**What to do**
Repeat the span of the entries below that starts at the line with "Dispensador de detergente" and ends at the line with "Logotyp Krakowskich Dni", nothing more. Skip the pictures.

**Supplied records**
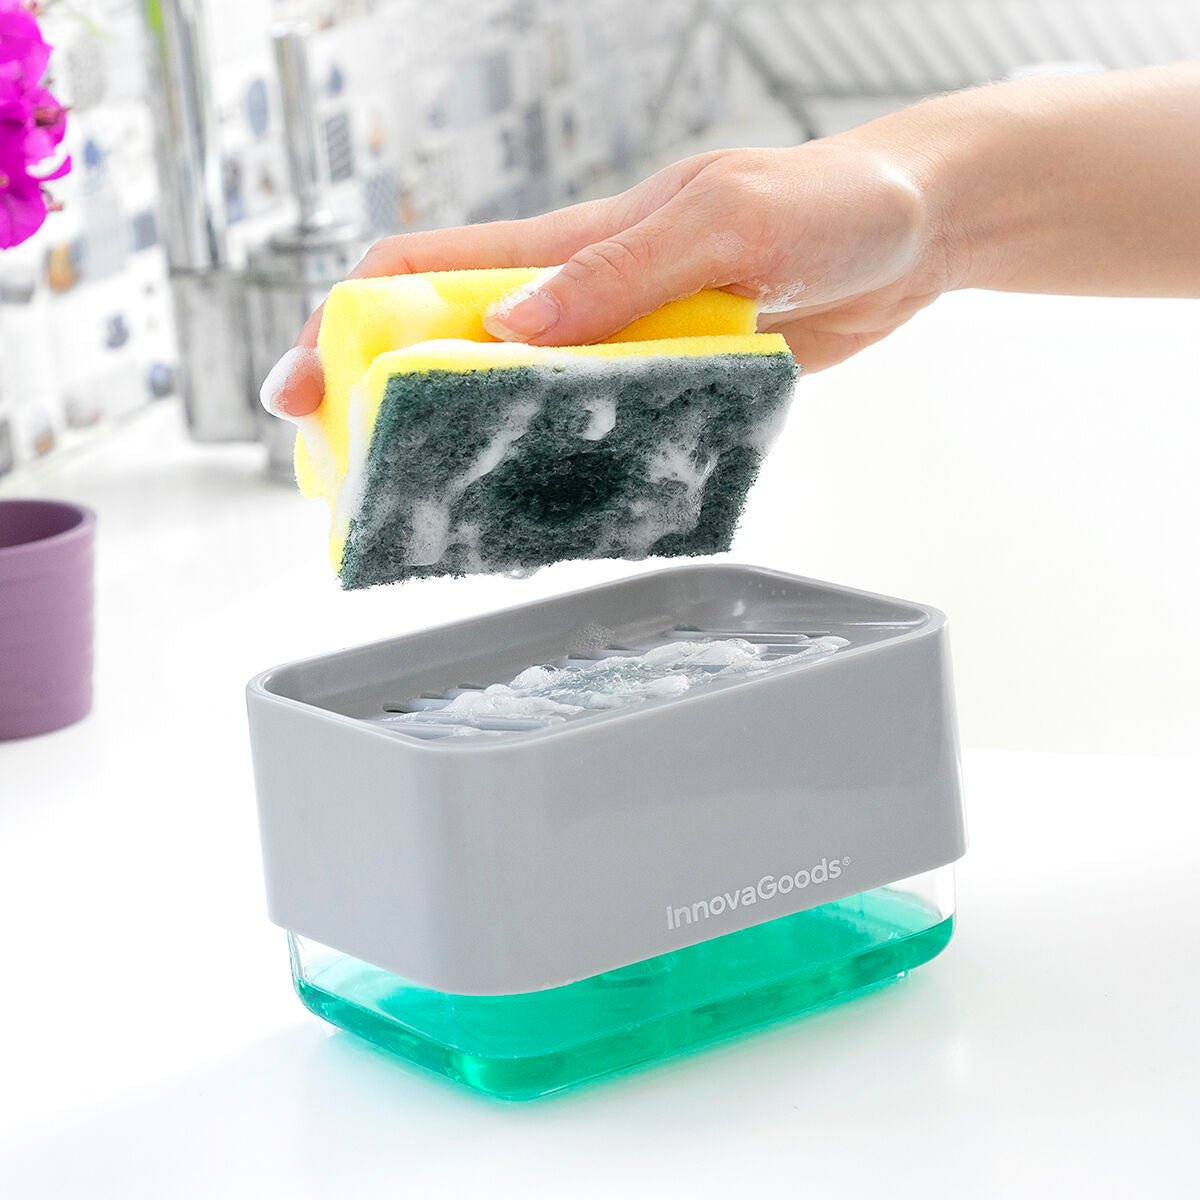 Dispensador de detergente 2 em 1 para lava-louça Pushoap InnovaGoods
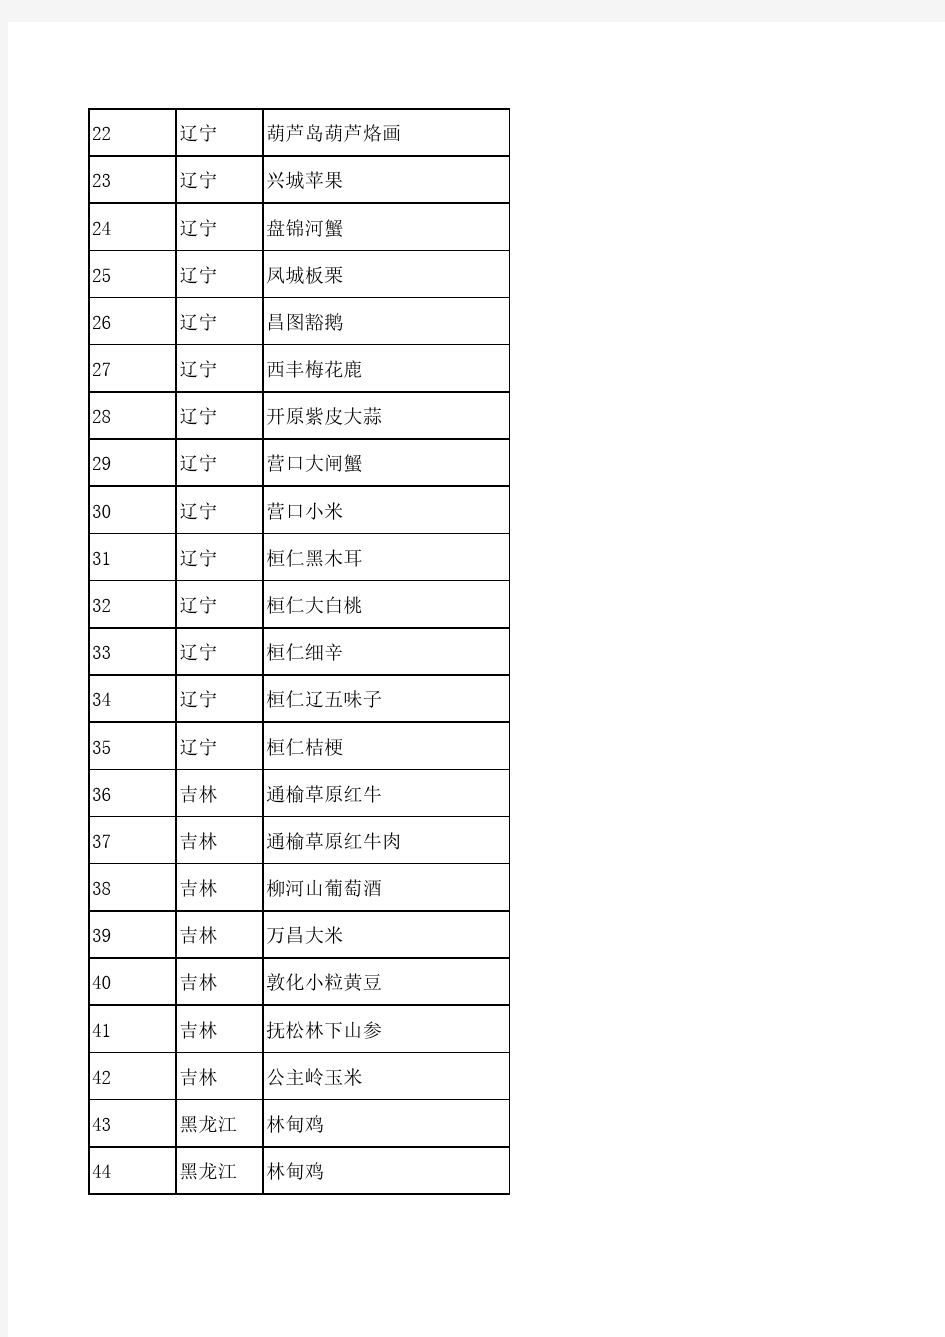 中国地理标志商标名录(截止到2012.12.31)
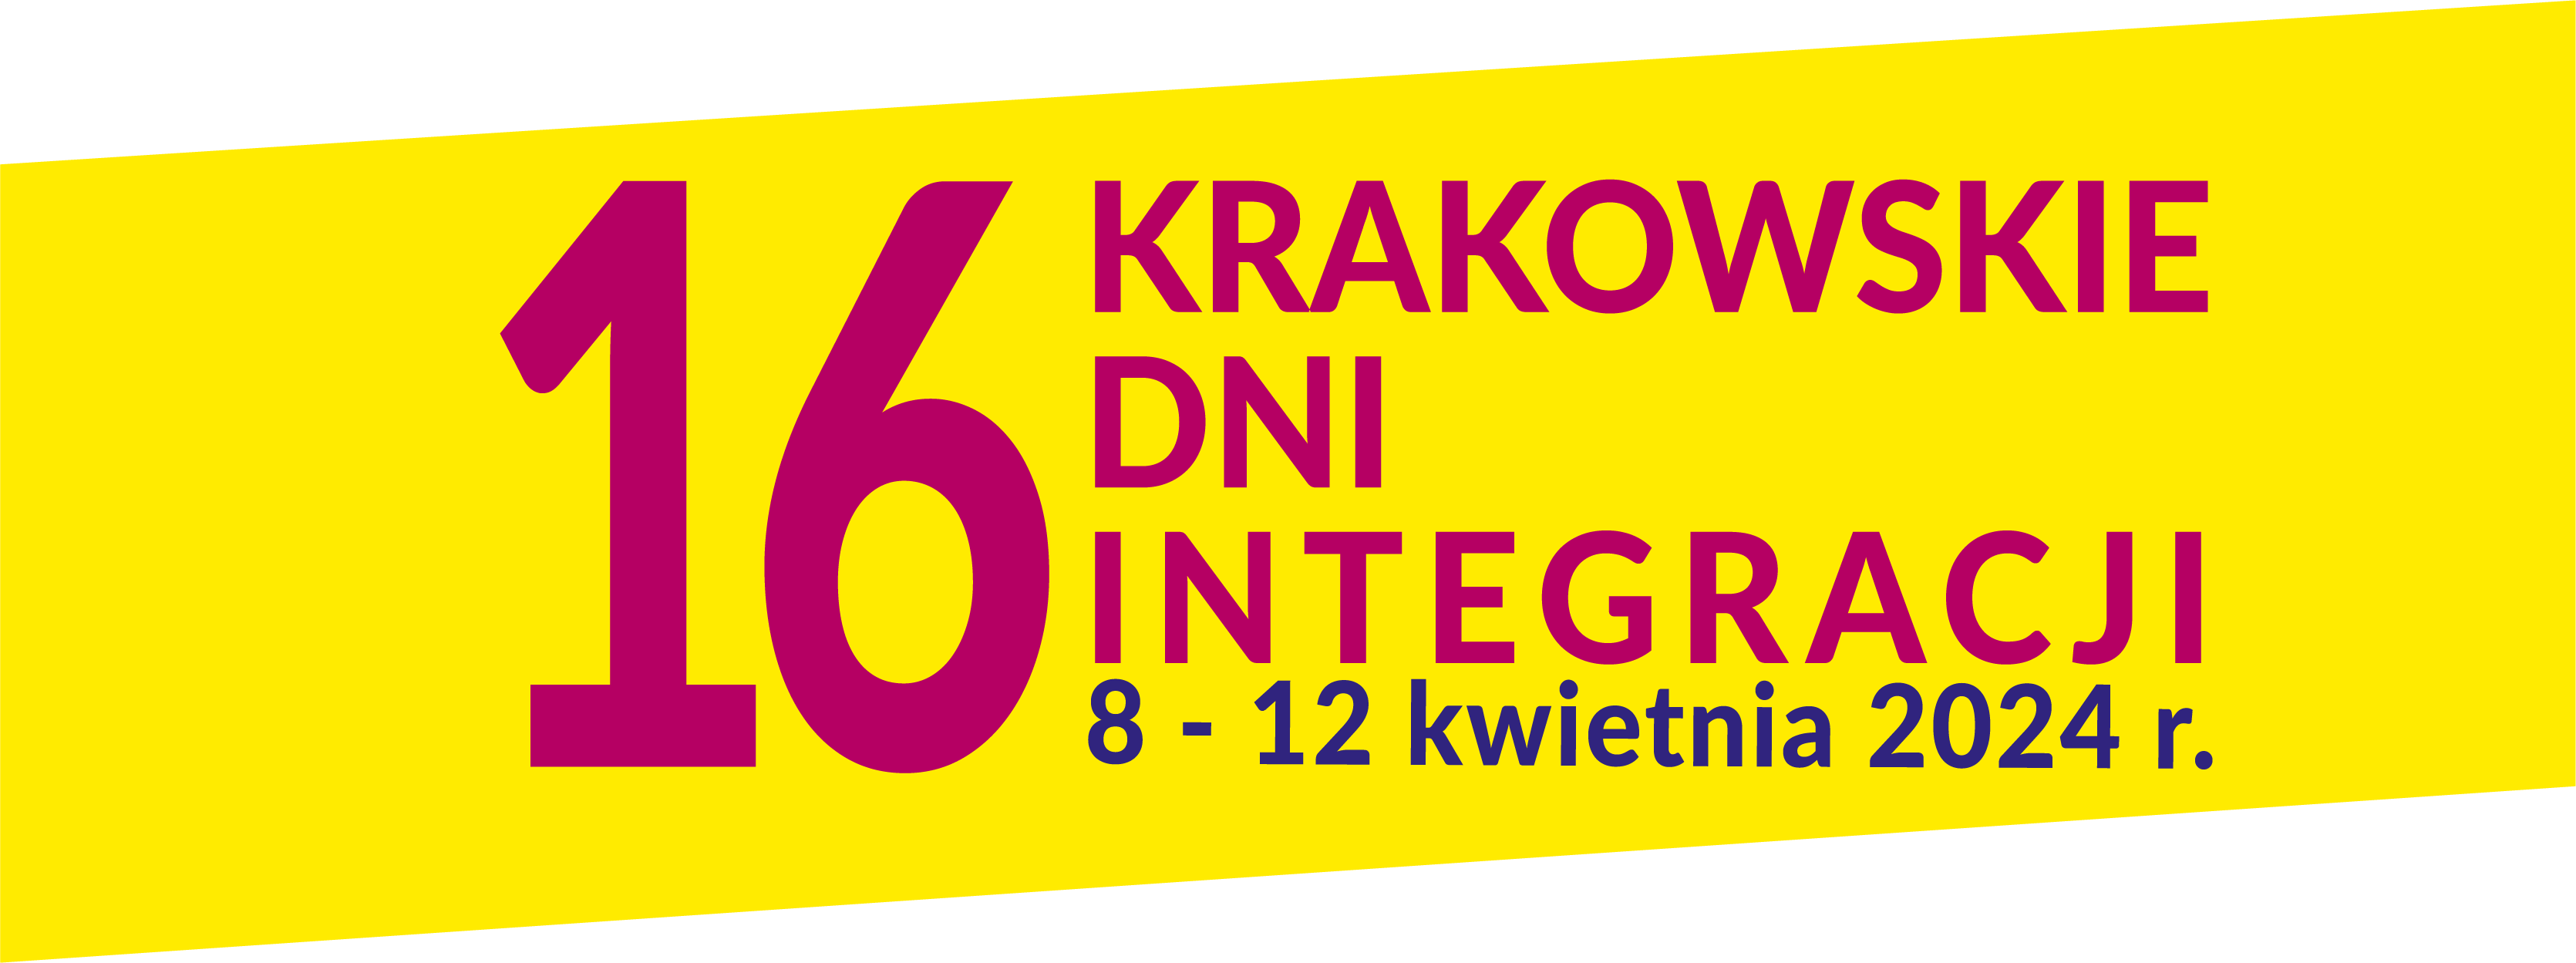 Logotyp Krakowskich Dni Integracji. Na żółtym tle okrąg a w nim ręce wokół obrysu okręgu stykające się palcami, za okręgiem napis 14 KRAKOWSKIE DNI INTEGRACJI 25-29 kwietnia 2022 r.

* * *

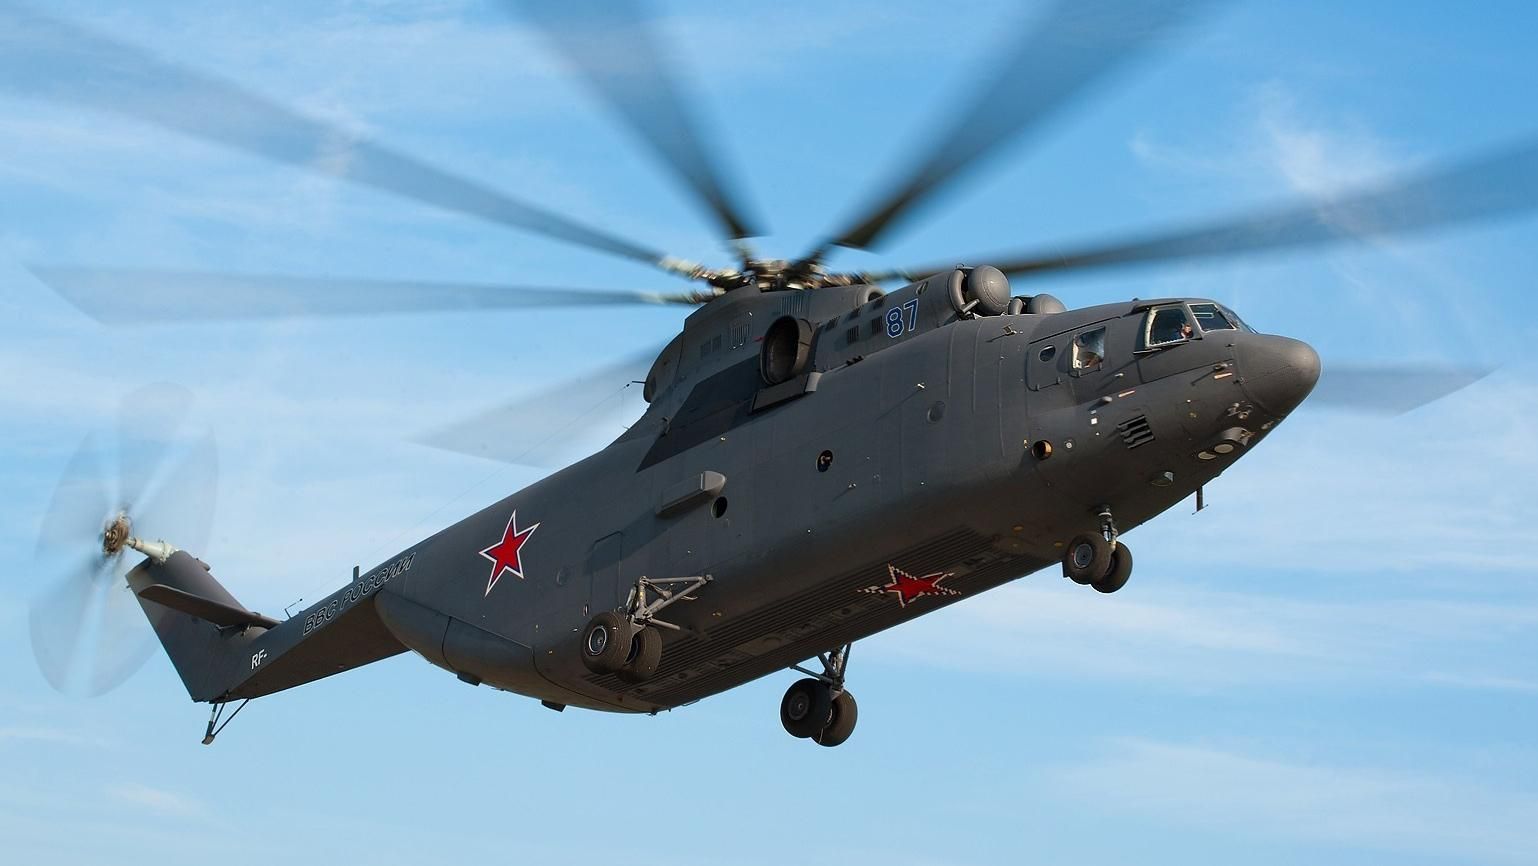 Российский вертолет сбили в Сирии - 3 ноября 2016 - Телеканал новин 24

**Exercise result**
 Dispensador de detergente 2 em 1 para lava-louça Pushoap InnovaGoods
 中国地理标志商标名录(截止到2012.12.31)
 Logotyp Krakowskich Dni Integracji. Na żółtym tle okrąg a w nim ręce wokół obrysu okręgu stykające się palcami, za okręgiem napis 14 KRAKOWSKIE DNI INTEGRACJI 25-29 kwietnia 2022 r.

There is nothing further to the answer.